Rubin Martina, Cutillo Gianni, Viti Vittorio, Margoni Monica, Preziosa Paolo, Zanetta Chiara, Bellini Anna, Moiola Lucia, Fanelli Giovanna Franca, Rocca Maria Assunta, Filippi Massimo
Neuroimaging Research Unit, Division of Neuroscience, IRCCS San Raffaele Scientific Institute, Milan, Italy.
Neurology Unit, IRCCS San Raffaele Scientific Institute, Via Olgettina, 60, 20132, Milan, Italy.
J Neurol. 2025 Jul 14;272(8):508. doi: 10.1007/s00415-025-13245-3.
Myelin oligodendrocyte glycoprotein antibody-associated disease (MOGAD) is a rare central nervous system (CNS) demyelinating disease presenting heterogeneously across lifespan. Although frequent, epilepsy remains a poorly characterized MOGAD-associated manifestation.
To describe age-related clinical, fluid, imaging, and neurophysiological features in MOGAD patients with epilepsy, we systematically reviewed online repositories up to April 2025, identifying 178 eligible studies.

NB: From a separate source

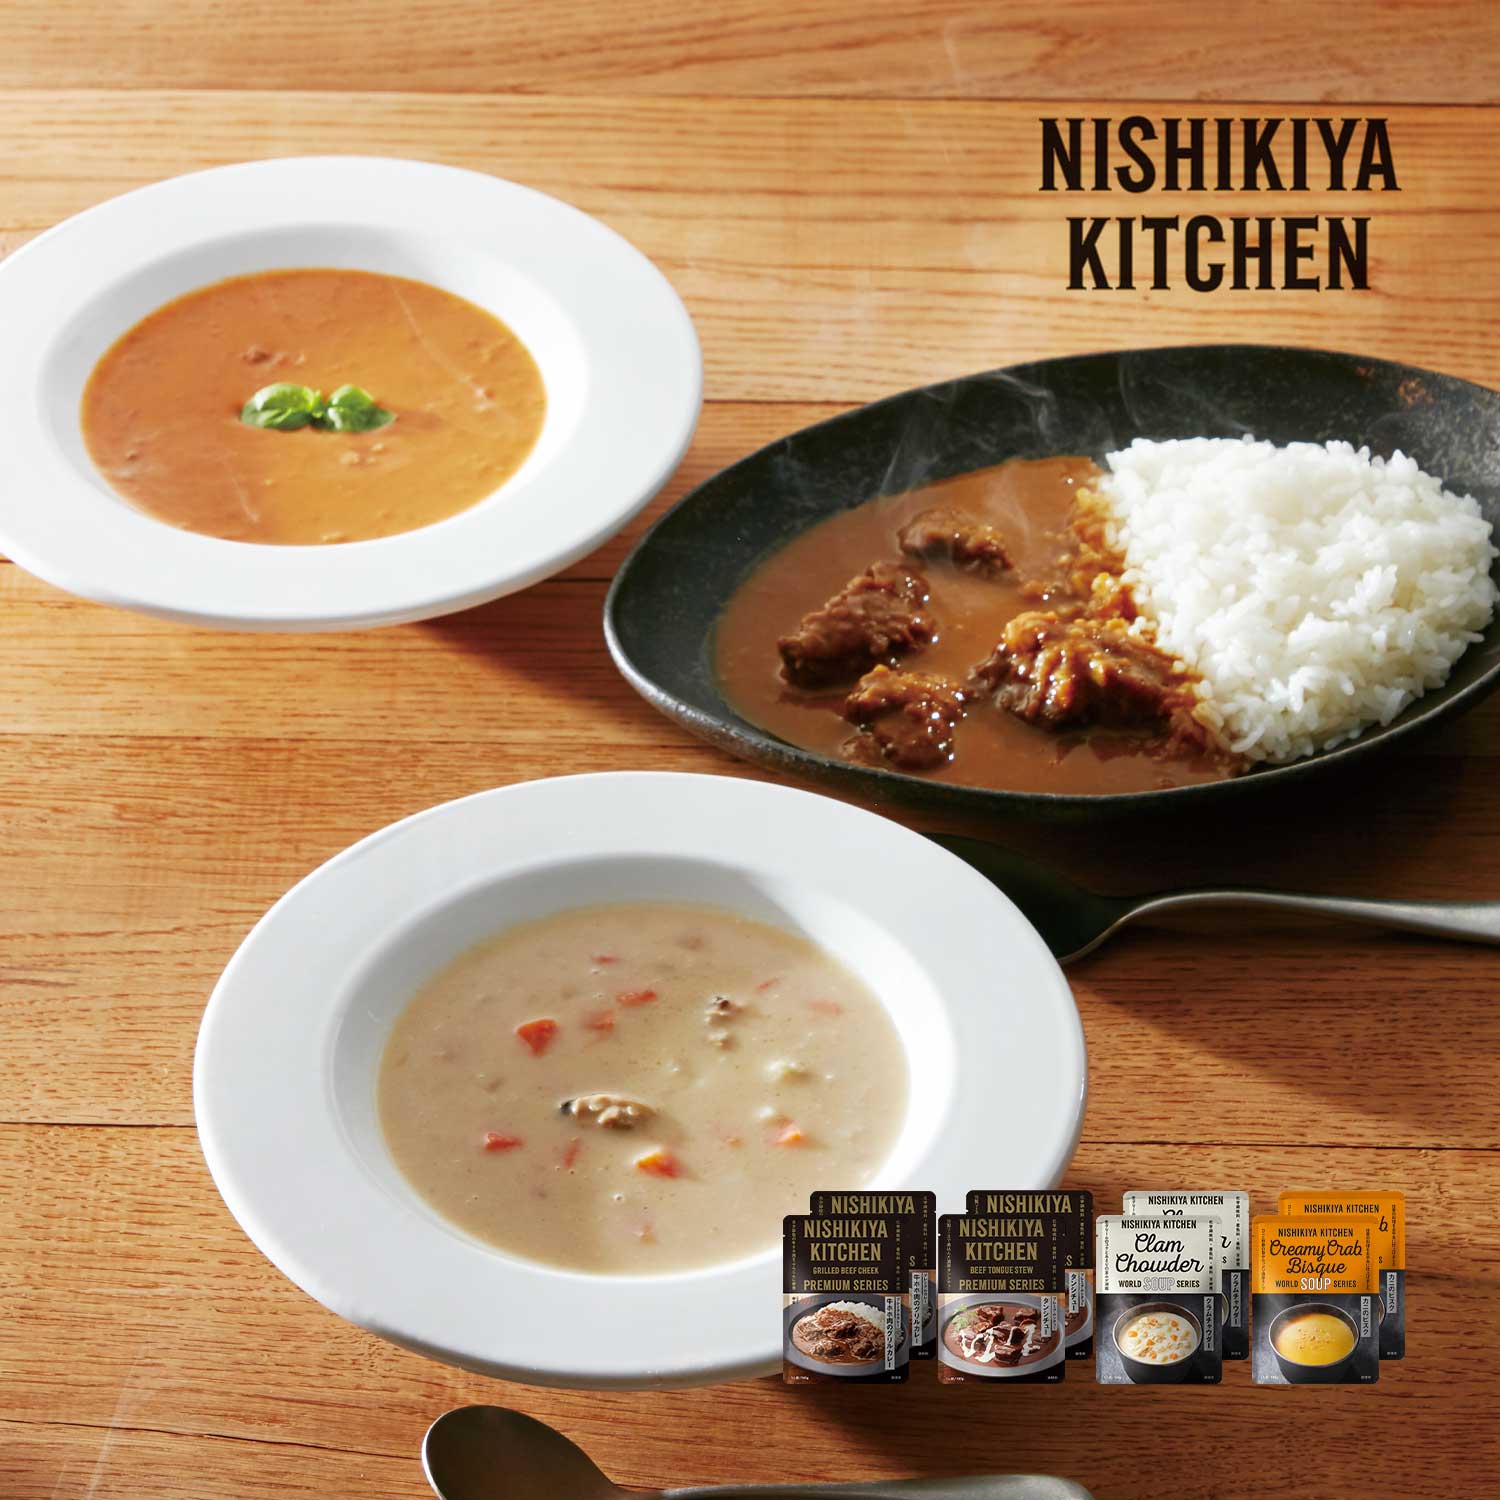 【NISHIKIYA KITCHEN】【送料無料】 NISHIKIYAイチオシ カレー & スープセット

A total of 2487 MOGAD patients were included from clinical studies, and of 337 from case reports/series, 140 with adult-onset and 197 with pediatric-onset disease. Seizures prevalence was 30.6% (95% confidence interval [95%CI] = 28%; 33.3%) in pediatric-onset and 7% (95%CI = 4.1%; 11.2%) in adult-onset cohorts. Pediatric-onset patients were significantly more likely to be female (p = 0.003). Cortical encephalitis was the most common presentation in both age groups, followed by acute demyelinating encephalomyelitis in pediatric-onset and acute demyelinating syndrome in adult-onset patients. In both groups, epileptic manifestations predominantly occurred at disease onset. Pediatric-onset patients were more likely to experience status epilepticus (p = 0.005) and encephalopathy (p = 0.002), whereas adult-onset exhibited higher frequency of cerebrospinal fluid pleocytosis (p < 0.001). Co-positivity with antibodies related to other encephalitides was present in 37.3% of patients, most commonly with anti-N-methyl-D-aspartate receptor (anti-NMDAR) IgG (88.3%), showing no age-dependent differences. No significant age-related differences were observed in leptomeningeal enhancement. Adult-onset patients more frequently showed parietal lobe involvement (p = 0.018) and fewer temporal lobe lesions (p = 0.004) compared to pediatric-onset. Despite comparable use of immunotherapy and anti-seizure medications across groups, chronic epilepsy was more prevalent among pediatric-onset patients (p < 0.001).
Epilepsy is a relevant MOGAD-associated condition with a risk of chronic persistence. Prospective studies are warranted to establish an age-specific therapeutic approach.
髓鞘少突胶质细胞糖蛋白抗体相关疾病(MOGAD)是一种罕见的中枢神经系统(CNS)脱髓鞘疾病,在整个生命周期中表现各异。癫痫虽然常见,但仍是MOGAD相关表现中特征描述较少的一种。
为描述患有癫痫的MOGAD患者的年龄相关临床、体液、影像学和神经生理学特征,我们系统回顾了截至2025年4月的在线资料库,确定了178项符合条件的研究。
临床研究共纳入2487例MOGAD患者,病例报告/系列研究纳入337例,其中140例为成人起病,197例为儿童起病。儿童起病队列中癫痫发作患病率为30.6%(95%置信区间[95%CI]=28%;33.3%),成人起病队列中为7%(95%CI=4.1%;11.2%)。儿童起病患者女性比例显著更高(p=0.003)。皮质脑炎是两个年龄组中最常见的表现,其次是儿童起病组的急性脱髓鞘性脑脊髓炎和成人起病组的急性脱髓鞘综合征。在两组中,癫痫表现主要发生在疾病发作时。儿童起病患者更易发生癫痫持续状态(p=0.005)和脑病(p=0.002),而成人起病组脑脊液淋巴细胞增多的频率更高(p<0.001)。37.3%的患者与其他脑炎相关抗体呈共阳性,最常见的是抗N-甲基-D-天冬氨酸受体(抗NMDAR)IgG(88.3%),未显示出年龄依赖性差异。软脑膜强化方面未观察到显著的年龄相关差异。与儿童起病患者相比,成人起病患者更常出现顶叶受累(p=0.018),颞叶病变较少(p=0.004)。尽管各组间免疫治疗和抗癫痫药物的使用情况相当,但慢性癫痫在儿童起病患者中更为普遍(p<0.001)。
癫痫是一种与MOGAD相关的疾病,有慢性持续的风险。有必要进行前瞻性研究以建立针对特定年龄的治疗方法。